→ **Data to examine**:
-- Opening Marker --
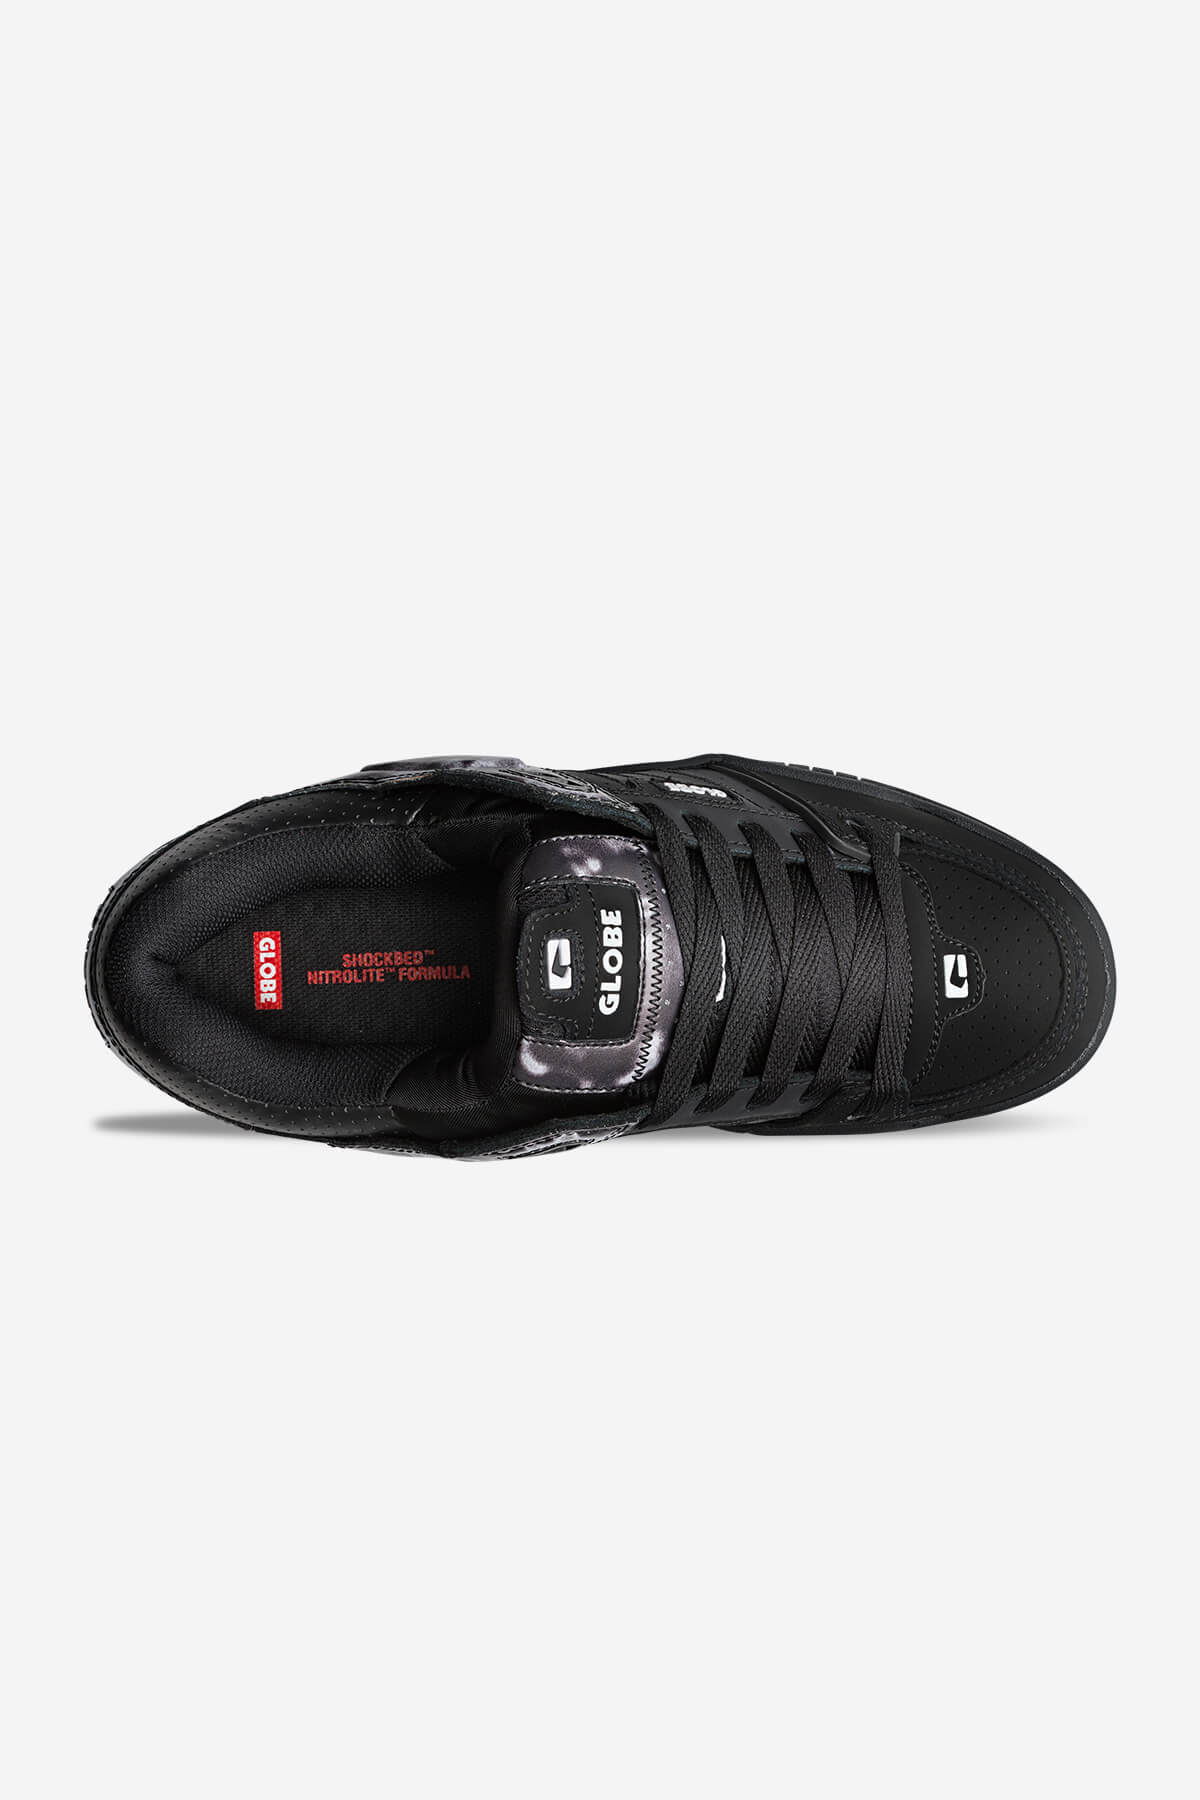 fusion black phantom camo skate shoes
-- Closing Marker --
-- Opening Marker --
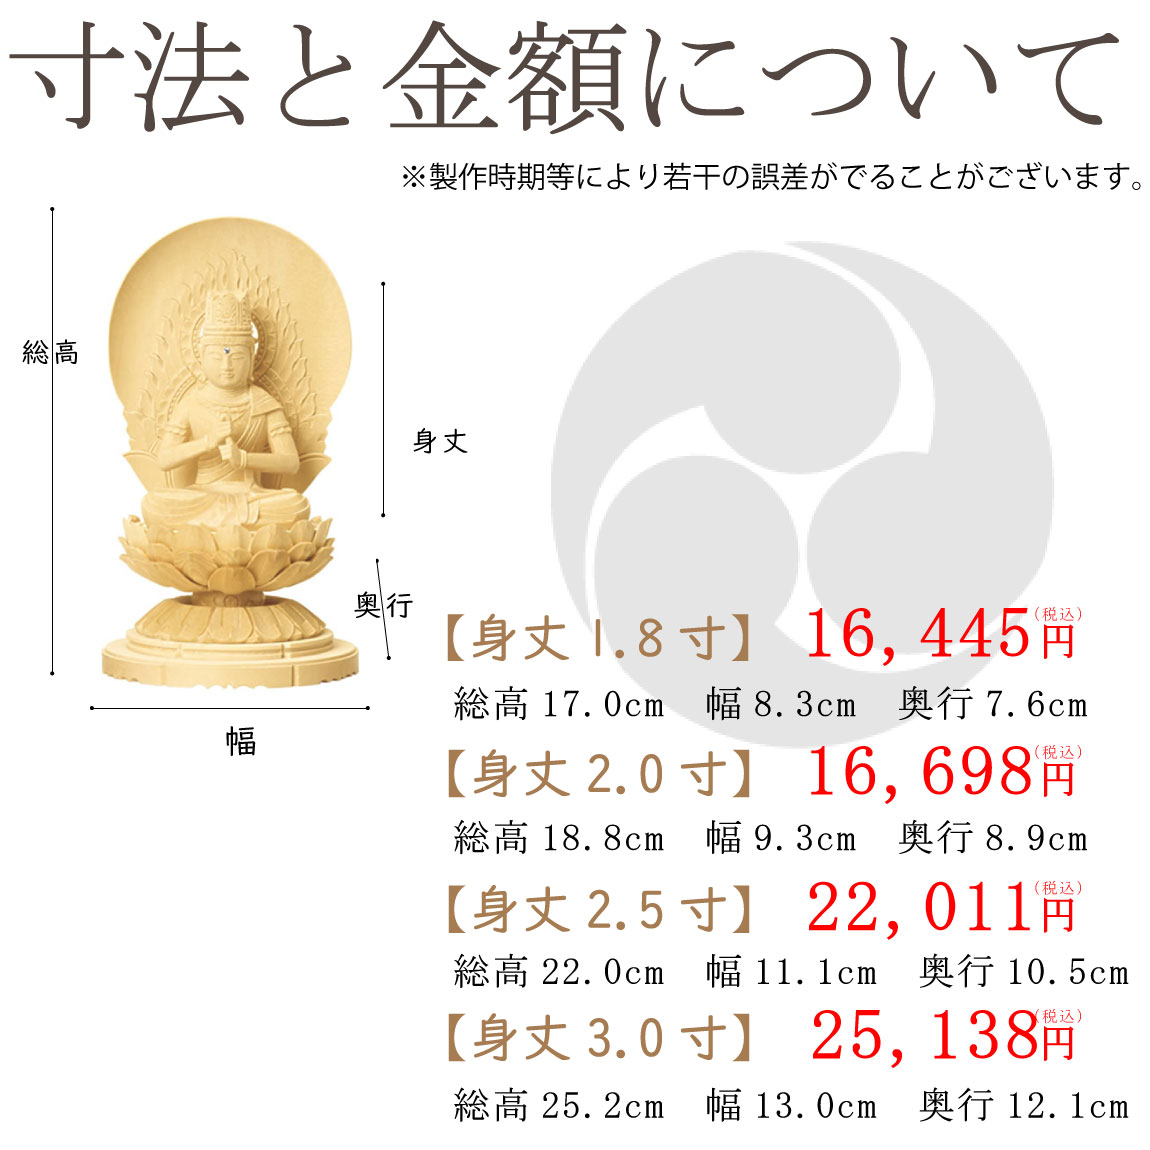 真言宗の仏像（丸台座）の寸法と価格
-- Closing Marker --
-- Opening Marker --
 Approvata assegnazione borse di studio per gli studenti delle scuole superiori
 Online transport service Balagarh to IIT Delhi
-- Closing Marker --
→ **Work instruction**: Look above for the line holding "Approvata assegnazione borse" and the line holding "Online transport service". Retype both, and every line between them, word for word and nothing else.

→ **Result for this task**:
 Approvata assegnazione borse di studio per gli studenti delle scuole superiori
 Online transport service Balagarh to IIT Delhi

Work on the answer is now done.